Geçtiğimiz pazar günü İstiklal Caddesi’nde vuku bulan terör saldırısında altı vatandaşımız hayatını kaybetti ve onlarca vatandaşımız yaralandı. Terör saldırısı doğal olarak toplumda büyük bir tepki çekti ve özellikle sosyal medyada yoğun tartışma konusu oldu. Tartışmalarda dikkatimi çeken bir husus pek çok kimsenin sanki terör ve teröristler hakkında uzmanmış gibi yazıp çizmesiydi.Bu tür alçakça saldırıların toplumda bir infial uyandırması ve tartışmalara konu olması bir bakıma normal. Ancak terör, teröristler ve terör örgütleri konusunda aynı zamanda bir uzmanlık bilgisine ihtiyaç duyulduğu ve ileri geri konuşmaların birçok hata ihtiva edebileceği de gözden uzak tutulmamalı.
Bu yüzden, doktorasını terör ve teröristler üzerine yapmış bir kişi olarak, bazı temel bilgileri okuyucularımla paylaşmak istiyorum.
Terör siyasi amaçlarla, sistematik biçimde ve daimî olarak şiddet kullanılmasıdır. Bu tanımdan da anlaşılacağı üzere, her tür şiddet değil sadece siyasal amaçlı şiddet terör teşkil edebilir. Başka bir deyişle, her terör eyleminde şiddet vardır ama her şiddet olayı terör değildir. Şiddet terörün gerekli şartıdır ama yeteri şartı değildir.
Terör çeşitli şekillerde sınıflandırılabilir.

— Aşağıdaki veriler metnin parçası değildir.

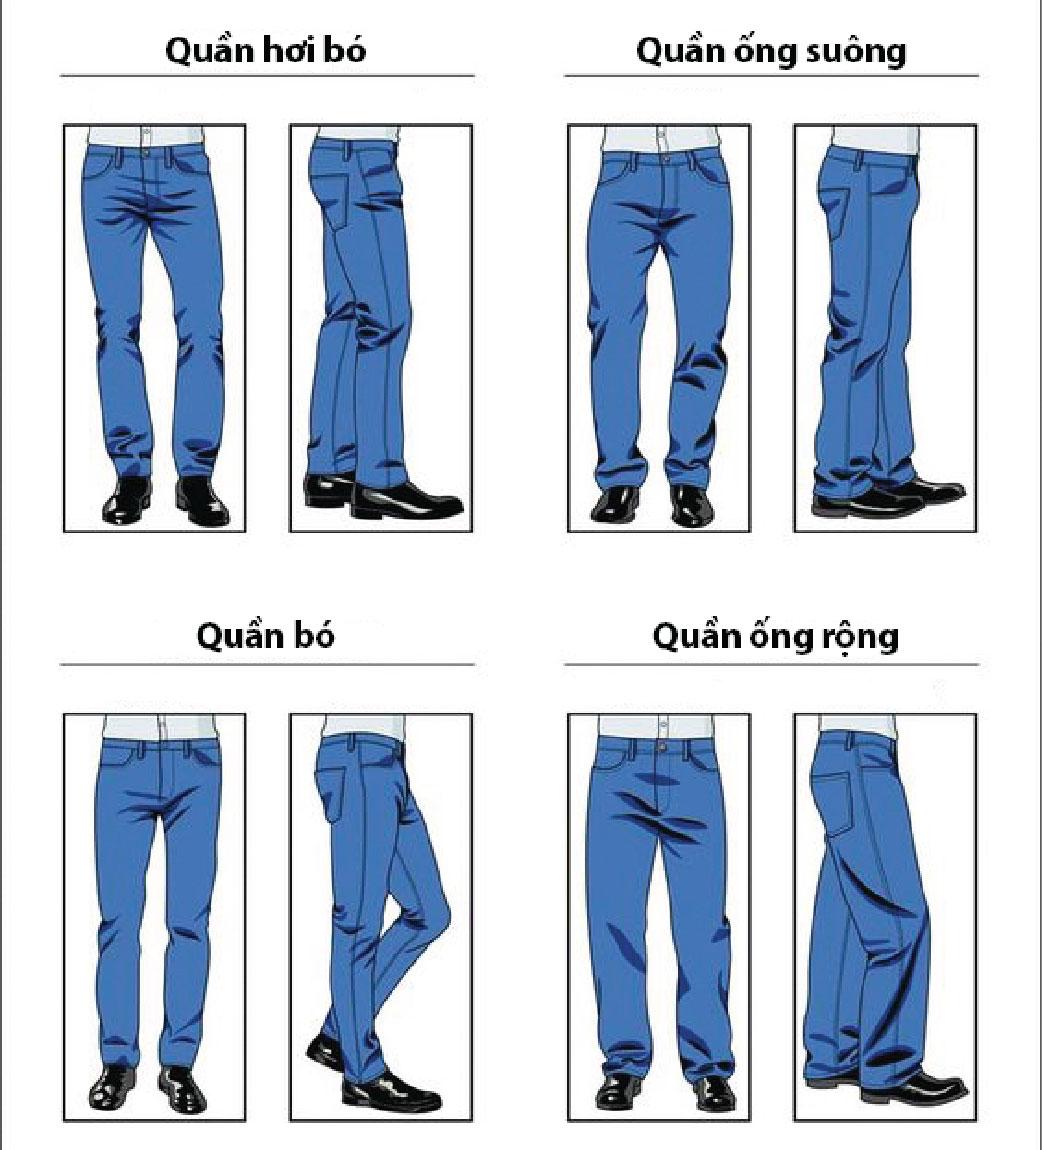 Bí kíp chọn quần jeans phù hợp với vóc dáng - 2

Bir yaklaşım terörü yukarıdan terör, aşağıdan terör olarak ikiye ayırır. Yukarıdan terör devlet tarafından masum vatandaşlarına karşı siyasi amaçlı şiddet kullanılmasıdır. Aşağıdan terör ise vatandaşların devlete karşı siyasal şiddet kullanmasıdır. Bir diğer terör ayrımı seçici terör ve ayrımsız terördür. Seçici terör genellikle devlet adamlarına yönelir ve onları ortadan kaldırmayı amaçlar. Ayrımcı terör ise gelişigüzel, saldırıdan etkilenen kimseler doğrudan veya dolaylı olarak terörün hedefi olmadan yapılan saldırılardır. Burada amaç toplumda korku ve panik oluşturmaktır. Ayrıca devlete de teröristleri önlemeye muktedir olmadığına dair mesajlar vermektir.
Son olarak ideolojik terör ve ayrılıkçı terör ayrımı yapılabilir. İdeolojik terörde amaç bir ideolojik devlet kurmaktır, ayrılıkçı terörde amaç bir ülkeden başka bir ülke çıkarmaktır!..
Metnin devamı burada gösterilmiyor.